Taşoluk’a niye gitmediniz mi diyeceksiniz? Taşoluk’a ev için müracaat eden kiracılar Taşoluk ev listesine yazılmaktan başka çare bulamayan kiracılar 15 gün önce sözleşme imzalamak üzere Ziraat Bankası’na çağrıldı. Burada “sosyal proje”nin bir sürprizi daha yaşandı. Banka, damga pulu vergisi için 1000 YTL isteyince, gerisin geriye mahalleye döndüler. Damga pulu vergisini veremeyen, 15 sene her ay o taksitleri nasıl verecek? Bizler gelir durumuzu bilecek kadar gerçekçiyiz. O yüzden TOKI Taşoluk evlerine müracaat etmeye teşebbüs bile etmedik.
Bizler buradan evlerimizi, yuvamızı, hayatımızı, geleceğimizi başımıza yıkmadan Fatih Belediye başkanı Mustafa Demir'e sesleniyoruz
Başkan, medya önünde "dünyanın en sosyal projesi" diyorsun. Sorduk soruşturduk: Sosyal proje ne demek? "İNSAN YARARINA YAPILAN PROJE" demekmiş.
Yıkımdan bir görüntü
Başkan, biz de sana medya önünde soruyoruz: Üzerimize koyduğun çarpı işareti ne kadar sosyal?
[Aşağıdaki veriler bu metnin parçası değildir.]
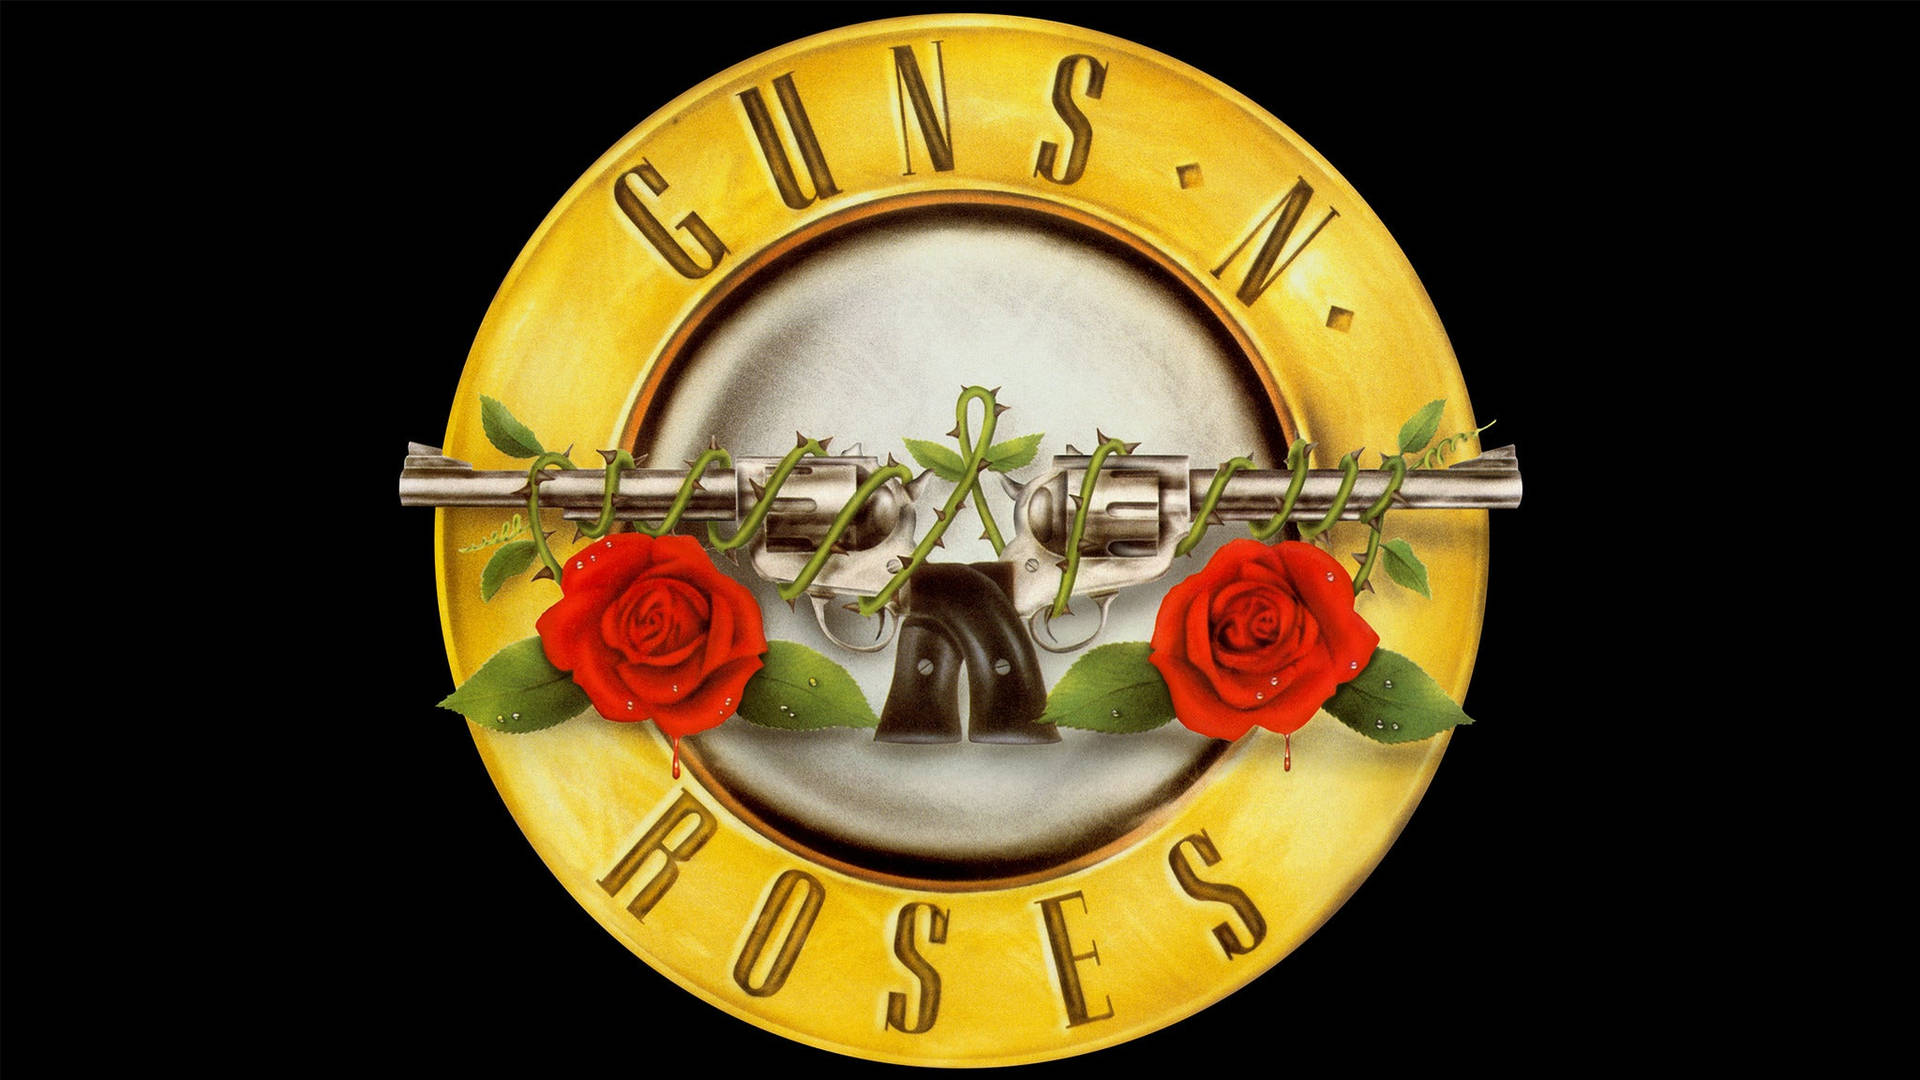 Cincinnatispelar Guns N Roses-konsert. Wallpaper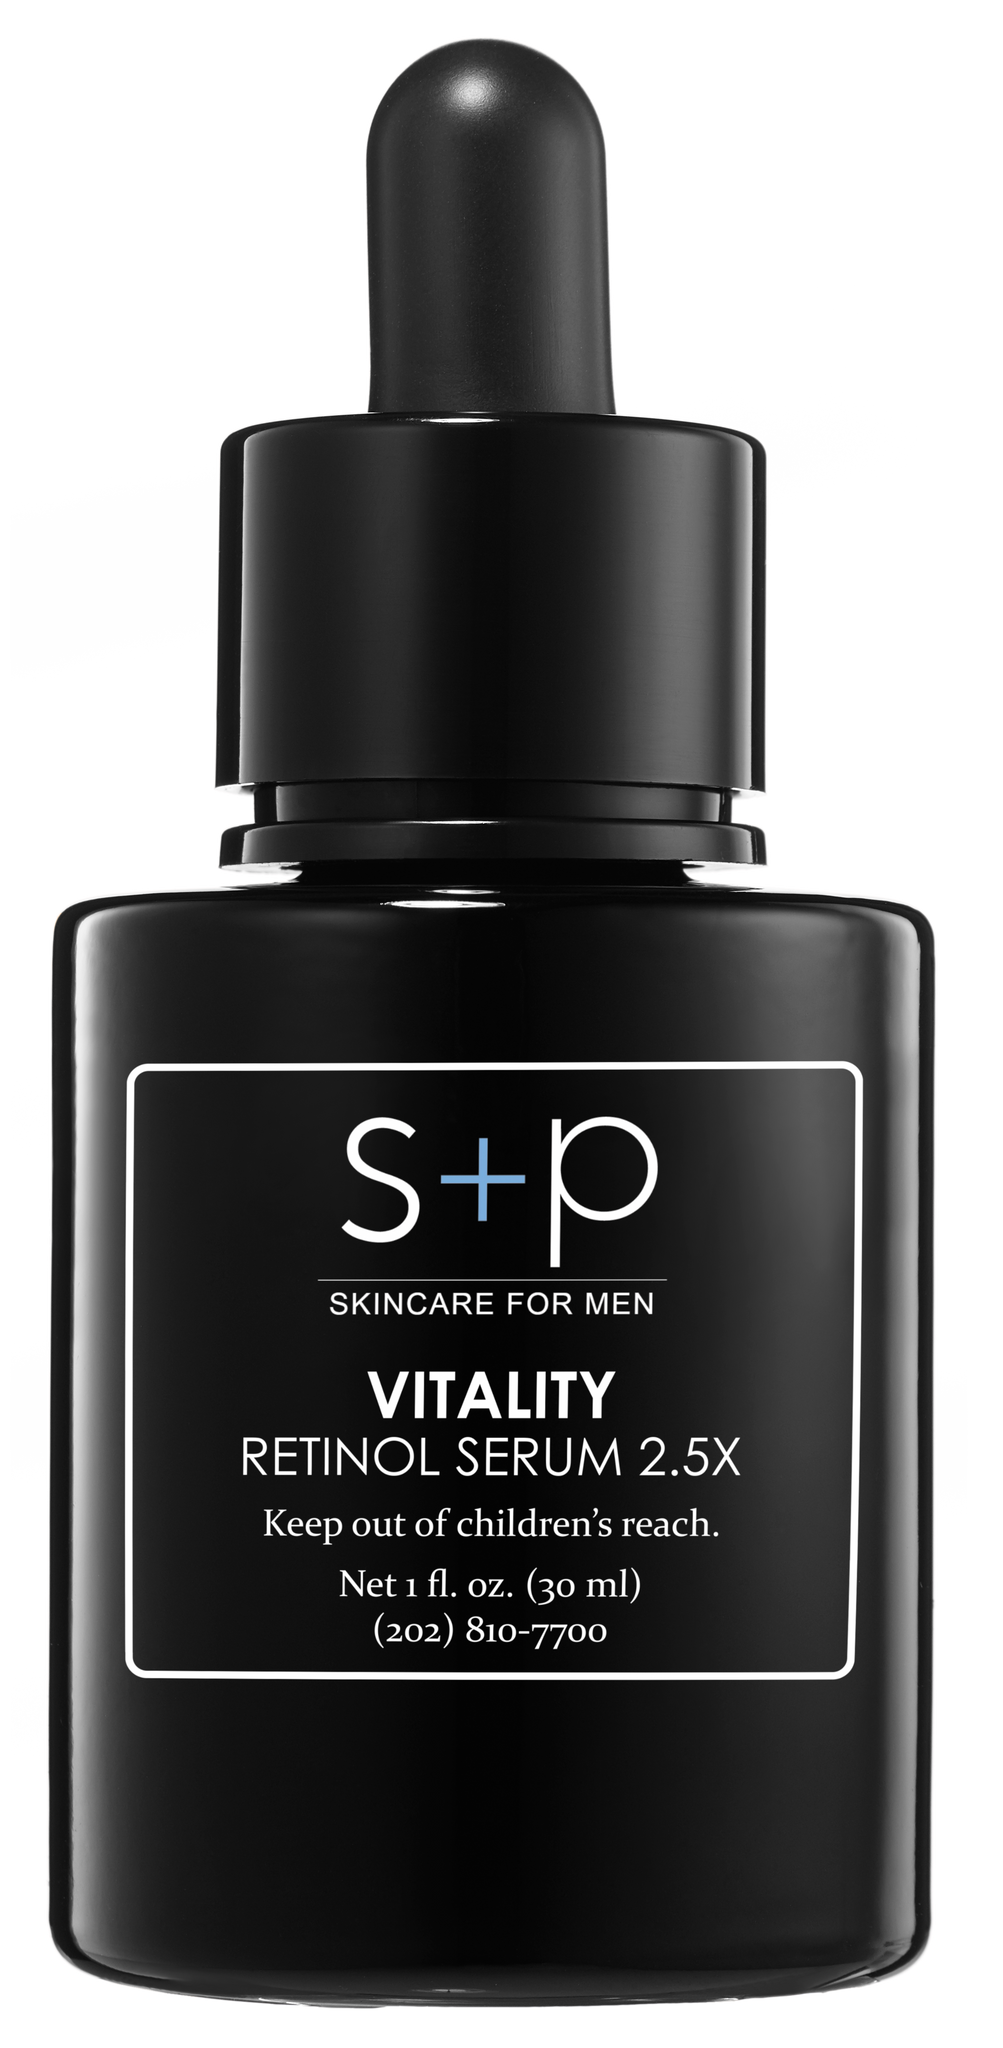 Skincare for men - Vitality Retinol Serum 2.5x

İstanbul’un çeşitli mahallelerinde, “kentsel iyileştirme” yapılacak diye, hayatı daha da kötüleştirilen, evleri yıkılan, yıkım sonrası çadır ve barakalarda yaşayan çok sayıda aile var. Buralarda aileler elektriksiz, susuz, sağlık hizmetleri olmaksızın ve tuvalet dahil hiçbir temel ihtiyaçları karşılayamadan yaşıyorlar, çocuklar da okullarından olmuş.
Evlerimiz yıkılırsa bizler de bu mahallelerdeki gibi sokakta kalacağız.
Son kez sesleniyoruz;
Bizler ne TOKİ'nin Taşoluk konutlarının bedellerini, ne de Sulukule dışındaki yerlerin daha yüksek olan kiralarını ödeyecek durumdayız.
Bizler alternatif barınma imkanları sağlanmadan evlerimizden çıkmayacağız.
UNUTMAYIN İŞARETLİ EVLERDE HALA TENCERE KAYNIYOR."